The kiss deepened and her heart hammered against her ribs. Her skin felt too tight.

I’ve never done this.

Academic life hadn’t left much room for romance and the few times she’d come close, she’d always ended up overthinking it and spoiling the moment.

She’d decided sex wasn’t for her, and had filed it away with other things she didn’t understand—modern art, the appeal of reality television, why anyone would voluntarily eat cilantro.

But this. This was different.

Khorrek’s mouth turned demanding. His tusks pressed against her cheeks, but his hands trembled with his attempt to restrain himself. As if he were terrified of breaking her, of losing control.

She pulled back slightly, and looked into his eyes.

“I want this. Want you.”

“Thea—”

“Don’t argue. Don’t think. Just… be with me. Please.”

She watched him break. Saw the moment the conditioning lost its grip, and he chose her over thirty-five years of obedience.

“All right.”

Relief flooded through her.

She took his good hand and led him to the bed. Her hands shook as she climbed onto the mattress and pulled him with her.

I don’t know what I’m doing.

But Khorrek touched her with aching gentleness, as if she were infinitely precious.

He kissed her again, slower this time, as his good hand traced her side over the thin fabric of her nightgown, mapping her body with careful reverence.

“Tell me if I hurt you.”

“You won’t.”

“I could.
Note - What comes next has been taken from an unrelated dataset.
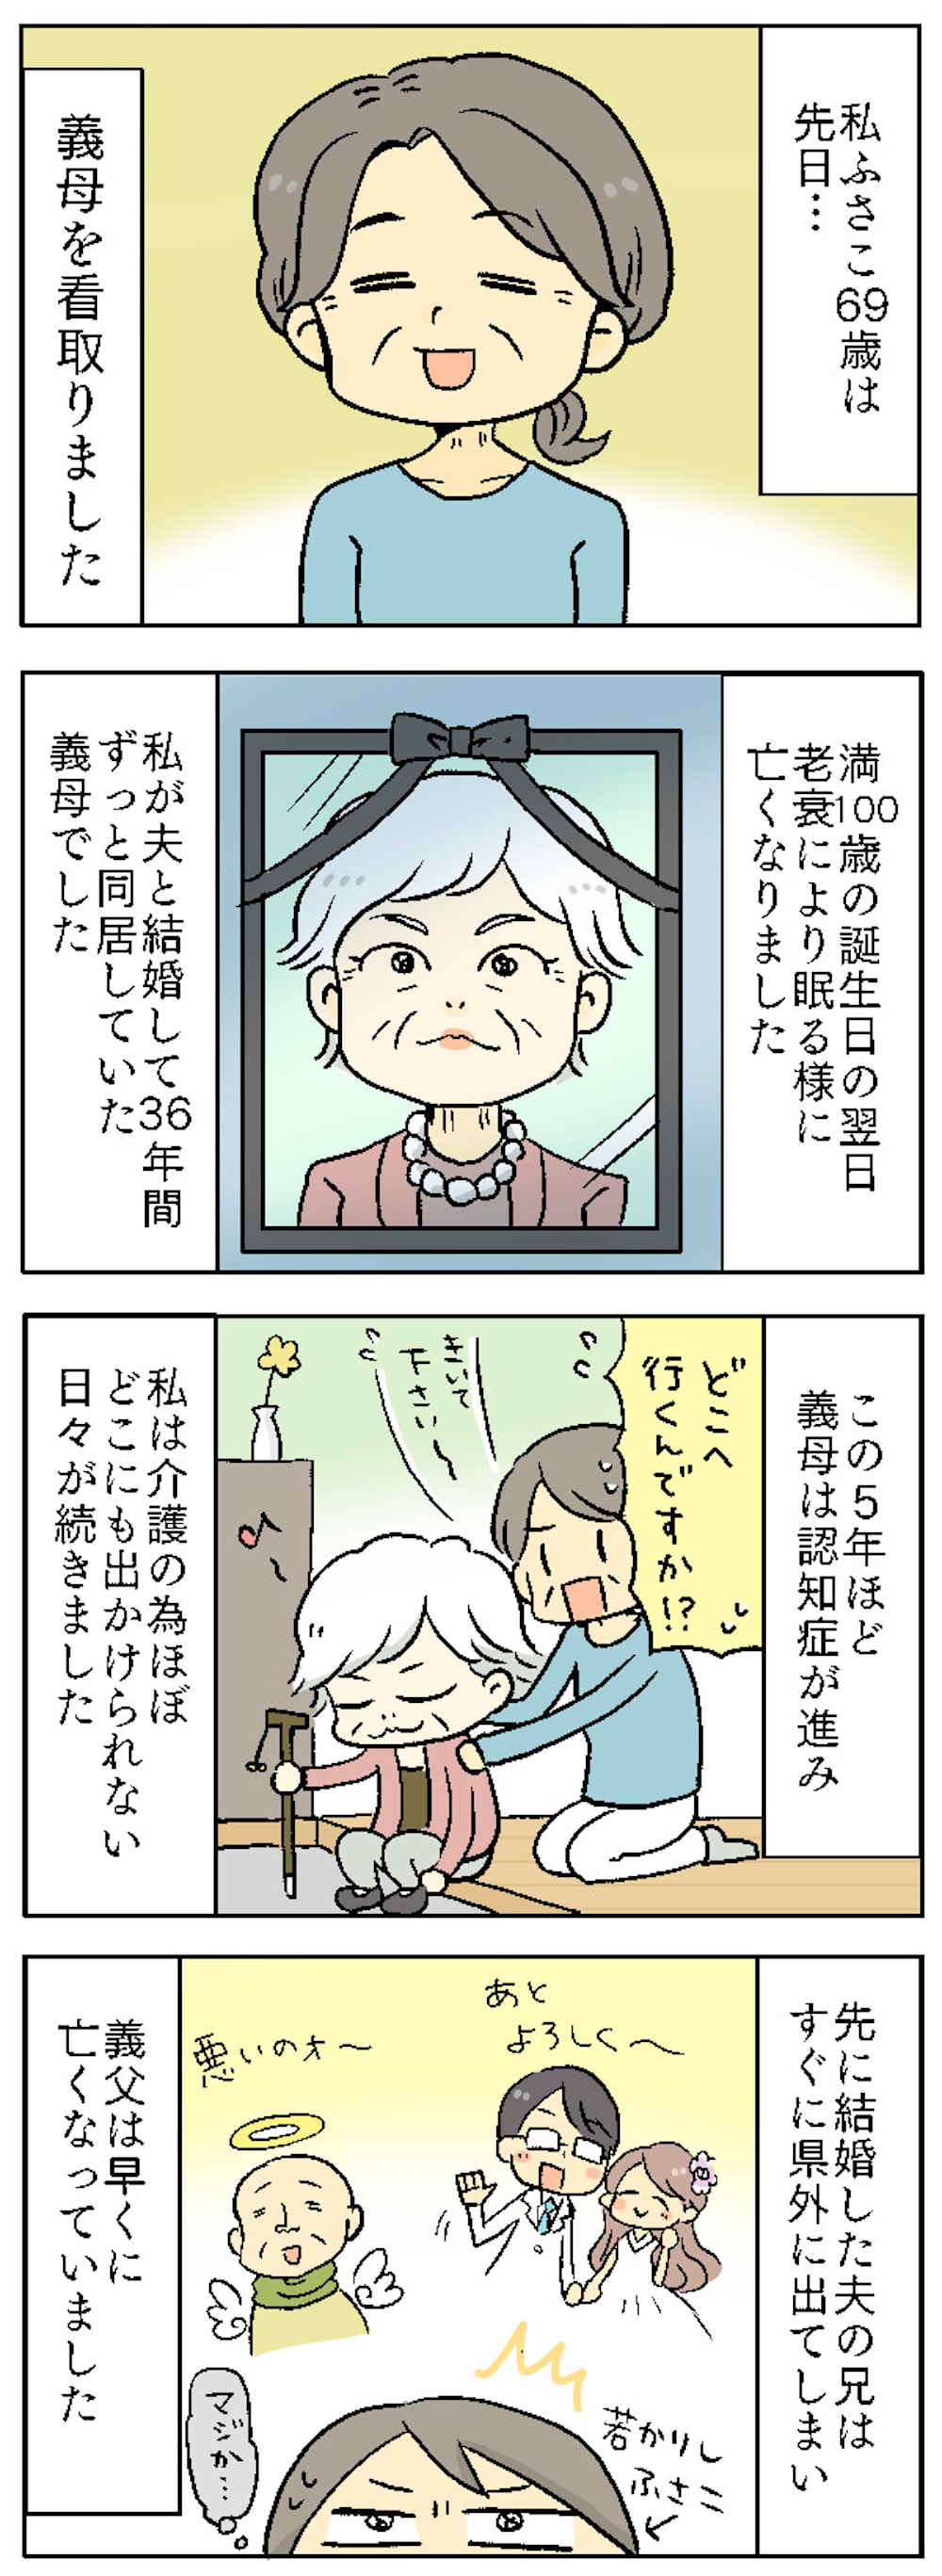 【漫画】同居して36年...100歳で亡くなった義母が言いふらし続けた嘘ばかりの「悪口」＜前編＞ 01.jpg

Easily.”

“But you won’t. I trust you.”

She felt him shudder.

When was the last time anyone said that to him? When was the last time anyone trusted him with something other than violence?

His lips moved to her throat, her collarbone, and she gasped, arching into him.

Oh.

Oh that’s…

Her nightgown disappeared. She wasn’t sure how and she didn’t care as his mouth found her breast. She tangled her fingers in his hair and tugged him closer. He growled, and the sound vibrated through her. Primal. Right.
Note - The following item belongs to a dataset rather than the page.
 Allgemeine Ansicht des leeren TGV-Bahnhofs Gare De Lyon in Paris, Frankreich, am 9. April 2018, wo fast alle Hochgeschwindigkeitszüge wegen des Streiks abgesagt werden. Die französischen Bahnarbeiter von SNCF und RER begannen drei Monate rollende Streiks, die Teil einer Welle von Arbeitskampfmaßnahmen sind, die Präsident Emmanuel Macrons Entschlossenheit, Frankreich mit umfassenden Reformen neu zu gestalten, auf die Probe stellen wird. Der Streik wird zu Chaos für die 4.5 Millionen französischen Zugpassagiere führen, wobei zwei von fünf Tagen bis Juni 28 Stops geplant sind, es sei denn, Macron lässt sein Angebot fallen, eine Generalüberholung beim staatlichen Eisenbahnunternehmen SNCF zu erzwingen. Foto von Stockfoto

“More,” she demanded, and he gave her more.

He found places that made her gasp, made her mind go blissfully, wonderfully blank. She’d spent her entire life thinking, living in her head, he forced her into her body, into sensation and need and feeling.

His clothes vanished as well and she lost the ability to speak.

Muscles, scars, and an enormous green cock cock, glistening in the lamplight.

He should have been intimidating, but all she could think was that she wanted to touch all of him.

To map his body with her hands and mouth the way he was mapping hers.

He stroked his fingers through her folds, making her gasp, then carefully inserted first one thick finger and then another. He gently parted them, stretching her, preparing her, but she squirmed impatiently.

“I want all of you,” she said breathlessly.

He moved over her, his body a heavy weight that was the most perfect thing she had ever felt. He nudged against her entrance, his eyes searching hers.

“This might hurt,” he said quietly.

“I know the biology.”

Despite everything, he huffed a soft laugh. “Of course you do.”

“Khorrek?”

“Yes?”

“Stop talking.”

He kissed her again, deep and thorough, and then he pushed inside. Pressure. Fullness. A sharp sting that faded almost immediately. A startled gasp escaped her lips and he paused.

“Don’t you dare stop.”

He huffed another laugh, slowly pushing deeper, stretching her to an almost painful degree. She froze, her body adjusting to the sheer size of him and he held still, letting her get used to the intrusion, a low growl rumbling in his chest.

“Relax,” he rumbled.

“Easy for you to say,” she gasped, but her body obeyed.